4.4.2. Edit the /etc/nsswitch file

The /etc/nsswitch.conf file defines the order in which the Linux operating system searches login databases for login information.

Configure it to first search its /etc/passwd file. If it does not find the user password information here, it goes to the LDAP server. Set this up by using the /usr/bin/authconfig command:

·         Run /usr/bin/authconfig

·         Select LDAP

·         Give the LDAP server's IP address, which is 192.168.2.79 in this case

·         Give the base DN as dc=tdomain,dc=com

·         Do not select TLS

·         Use MD5 and shadow passwords

The screen should look like this:

[*] Use Shadow Passwords

[*] Use MD5 Passwords

[*] Use LDAP                   [ ] Use TLS

                       Server: 192.168.2.79

                        Base DN: dc=tdomain,dc=com

When finished, look at the /etc/nsswitch.conf file, and make sure that it has references to LDAP.

4.4.3. Create Home Directories on the LDAP Client

You previously created a user known as ldapuser in the group users on server Dman. Ensure that this user has a home directory on the LDAP client smallfry. The tdomain in this section creates the directory, and makes ldapuser the owner.

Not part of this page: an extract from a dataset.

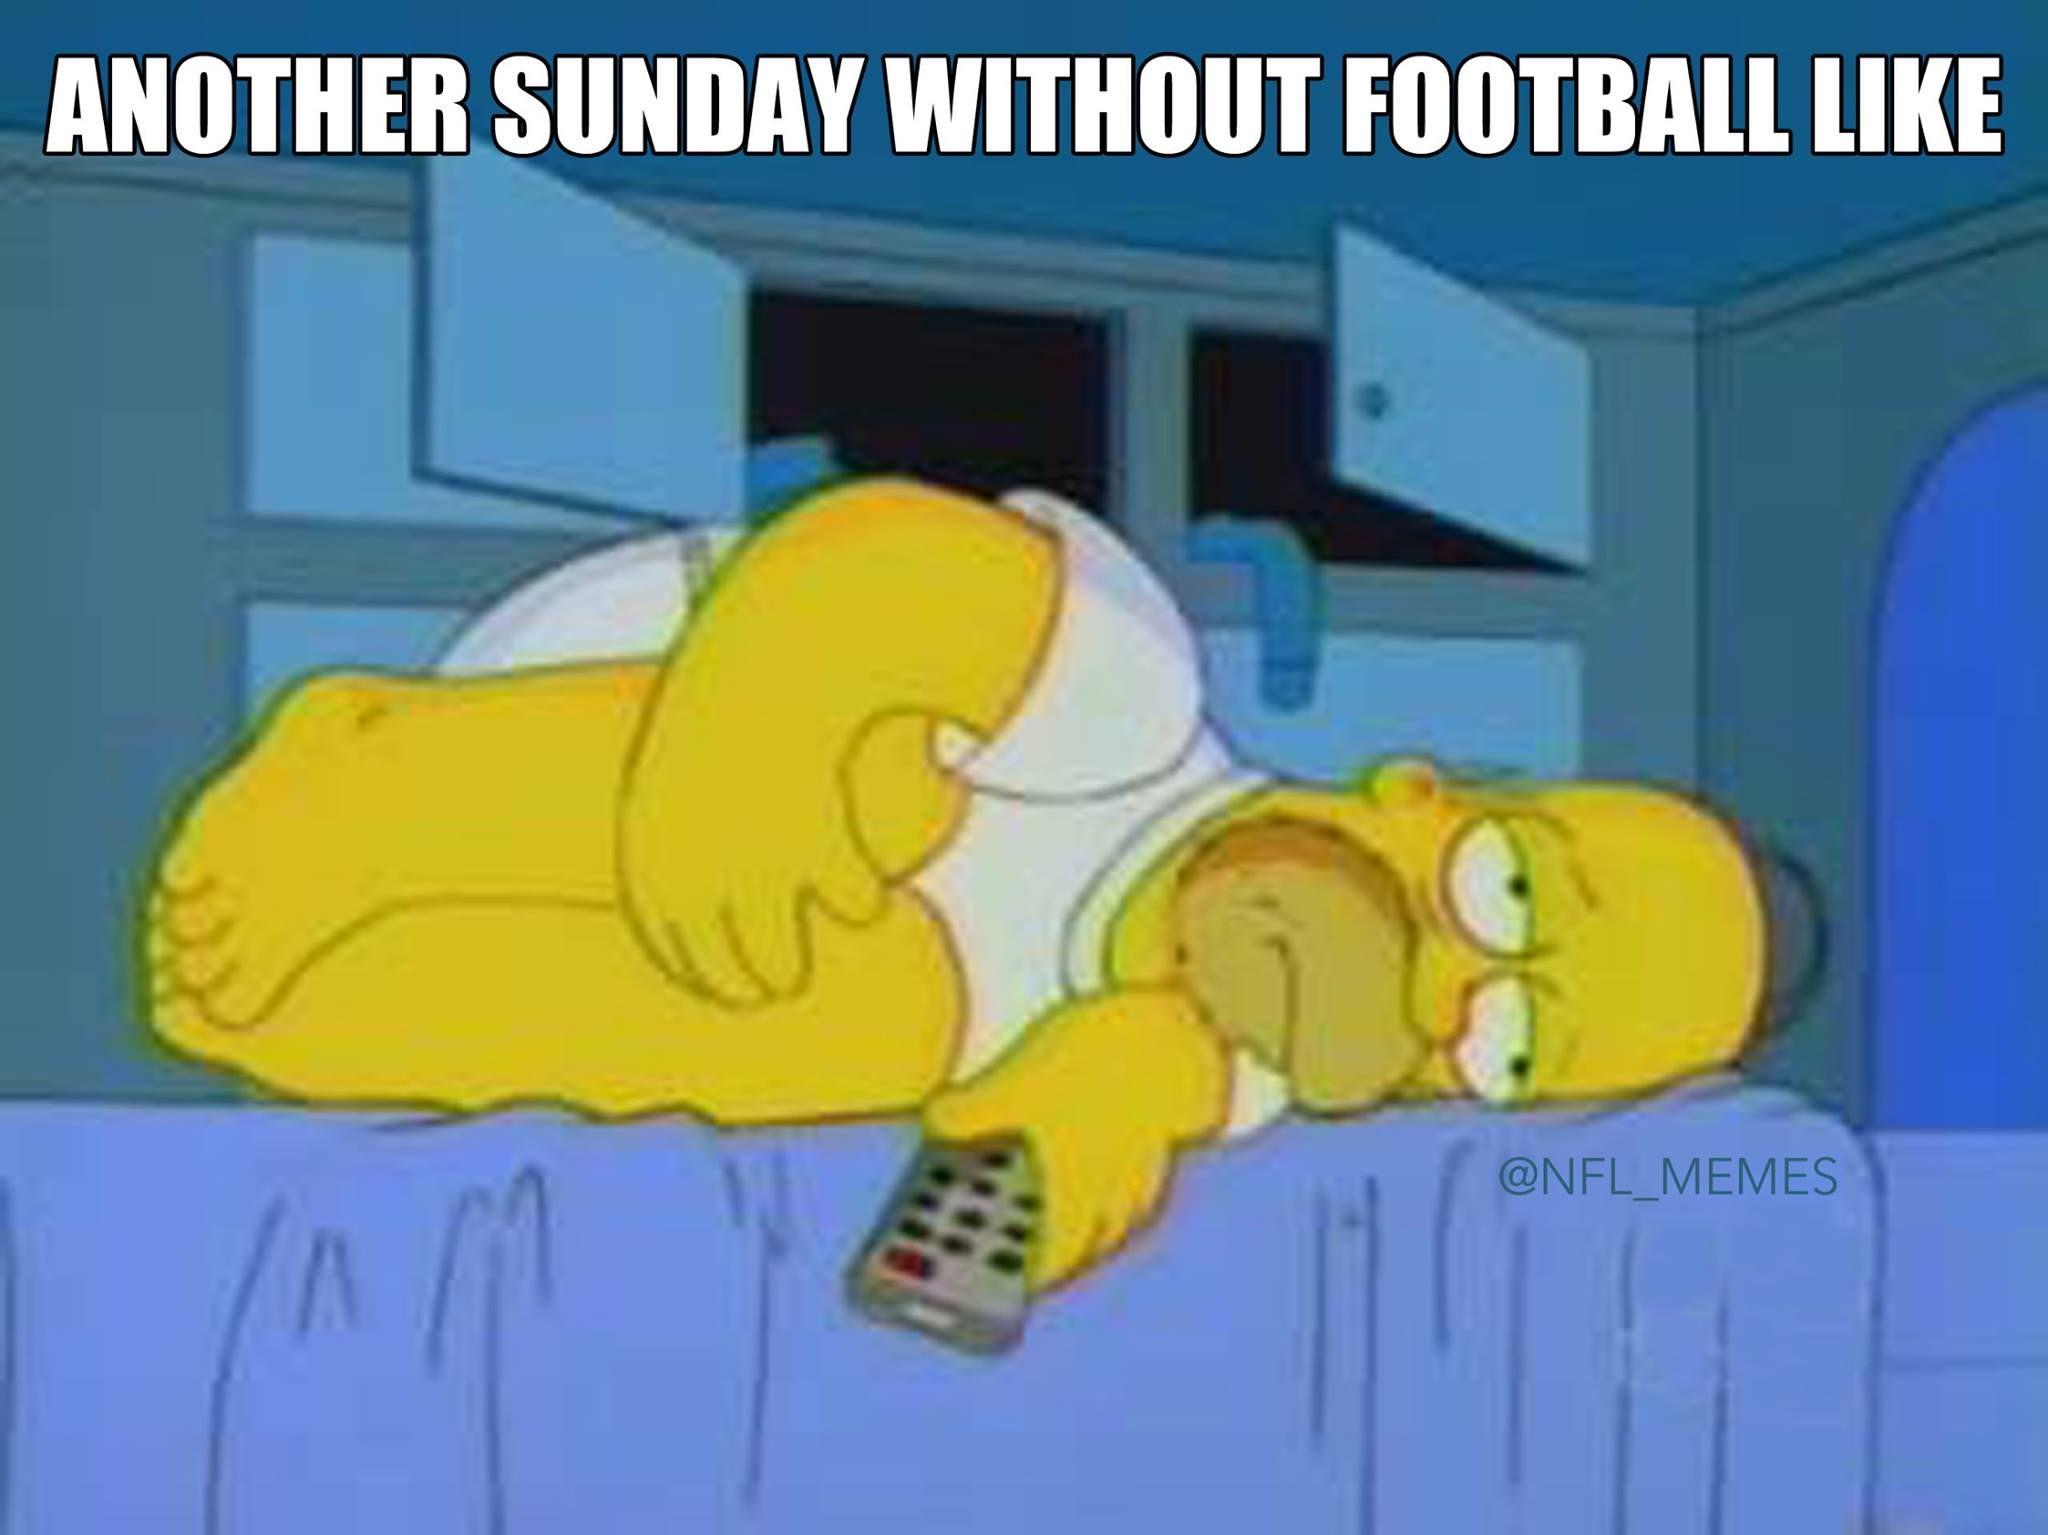 Me on Sunday's

The server smallfry correctly gets its user information about ldapuser from Dman; the chosen command does not complain about ldapuser not existing in smallfry's /etc/passwd file.

4.4.4. Check if ldapuser is missing from the /etc/passwd file

Look for ldapuser by searching the /etc/passwd file with the grep command. There should be no response:

[root@smallfry tmp]# grep ldapuser /etc/passwd

[root@smallfry tmp]#

4.4.5. Create the Home Directory for ldapuser on the LDAP Client

Create the home directory, copy a BASH login profile file into it, and modify the ownership of the directory, and all the files, to user ldapuser.

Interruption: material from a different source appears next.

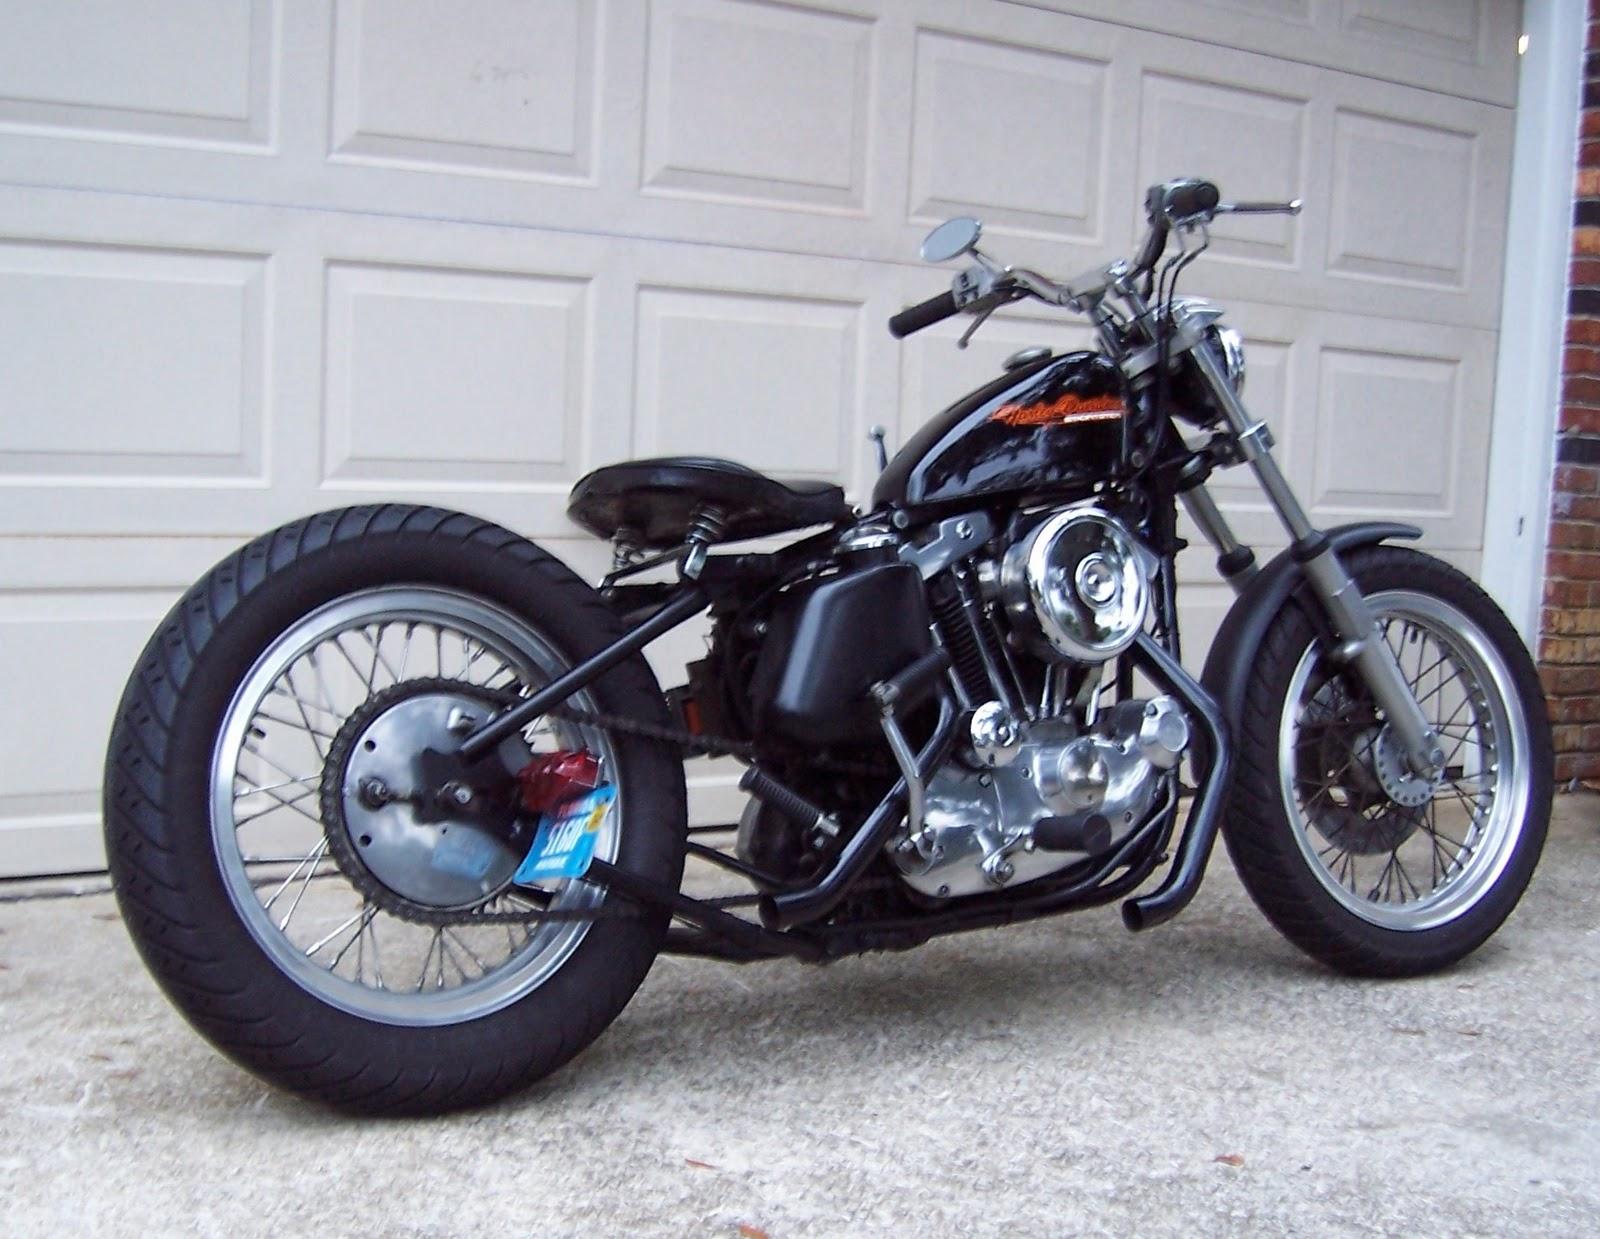 Harley Davidson 1977 Sportster Wiring Diagram On 70 Harley Wiring

Note: If the chosen command fails, it is probably because of an incorrect LDAP configuration, in which the LDAP client cannot read the user information from the LDAP server.

In some cases, you might want to use NFS mounts to provide home directories for your users, which will significantly reduce the need to perform this procedure:

[root@smallfry tmp]# mkdir /home/ldapuser

[root@smallfry tmp]# chmod 700 /home/ldapuser/

[root@smallfry tmp]# chown ldapuser:users /home/ldapuser/

[root@smallfry tmp]# ll /home

total 2

drwx------    2 ldapuser users        1024 Aug  4 08:05 ldapuser

[root@smallfry tmp]#

[root@smallfry tmp]# cp /etc/skel/.* /home/ldapuser/

cp: omitting directory `/etc/skel/.'

cp: omitting directory `/etc/skel/..'

cp: omitting directory `/etc/skel/.kde'

[root@smallfry tmp]# chown ldapuser:users /home/ldapuser/.*

[root@smallfry tmp]#

4.5. Testing

Login to smallfry using the username ldapuser.